A social audio session is an event: it is time-boxed and if you don’t attend it, you will miss it. In cases where the session is recorded, you may be able to listen to the content. But it is still the case that you missed the opportunity of experiencing the event in real-time. It is the difference between watching a football game live and watching a rerun of that game. 

9. No evidence left behind

At least for those sessions that are not recorded, you can participate, blunder, say something stupid that you regret having said, and when the session is over, you don’t have to worry about people experiencing the ugliness again (and you hope that the memory of your blunder will fade away with time). This will give you a bit of pluck to step up to the mic and speak up. To be sure, this aspect of social audio – no evidence left behind – can be abused: people can be mean, insulting, demeaning, behave in a bigoted way, or worse. 

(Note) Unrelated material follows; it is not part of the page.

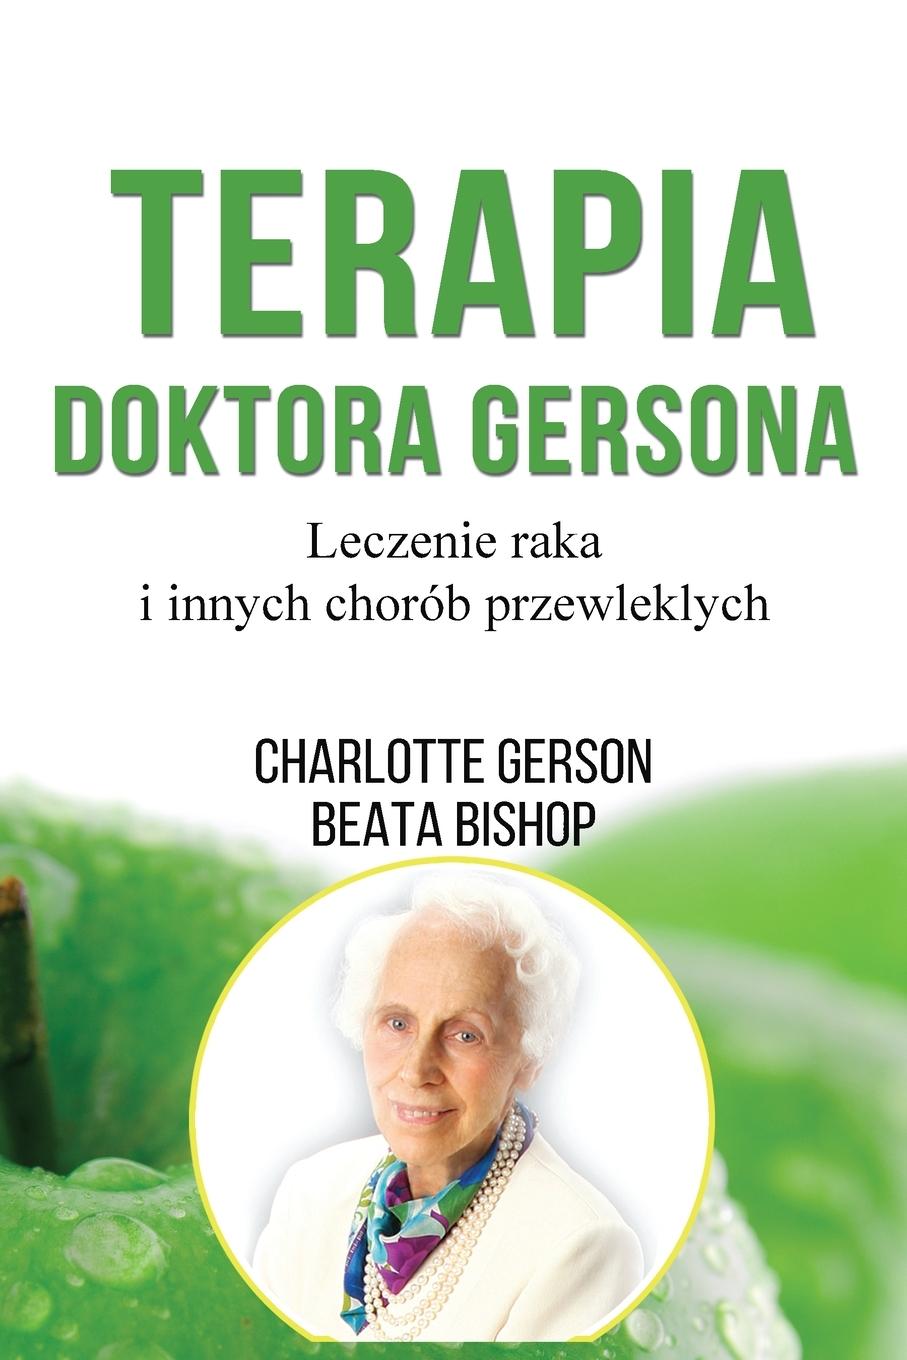 Book Terapia Doktora Gersona - Healing The Gerson Way - Polish Edition

Most people are kind and considerate, and hence the medium works far more as a stimulator of folks to speak up and express themselves than as a tool to be abused by those who mean to do harm, 

10. You can be part of the show

Unlike a podcast, you, simply an anonymous listener, can become an active participant: very much like a magic act where members of the audience are invited on stage to be part of the show. In fact, while on stage, you have the power to take the conversation somewhere else, if that somewhere else is interesting to the moderators and the audience. I will never tire saying this: Marshall McLuhan was right, and he keeps being proved right: The medium is the message.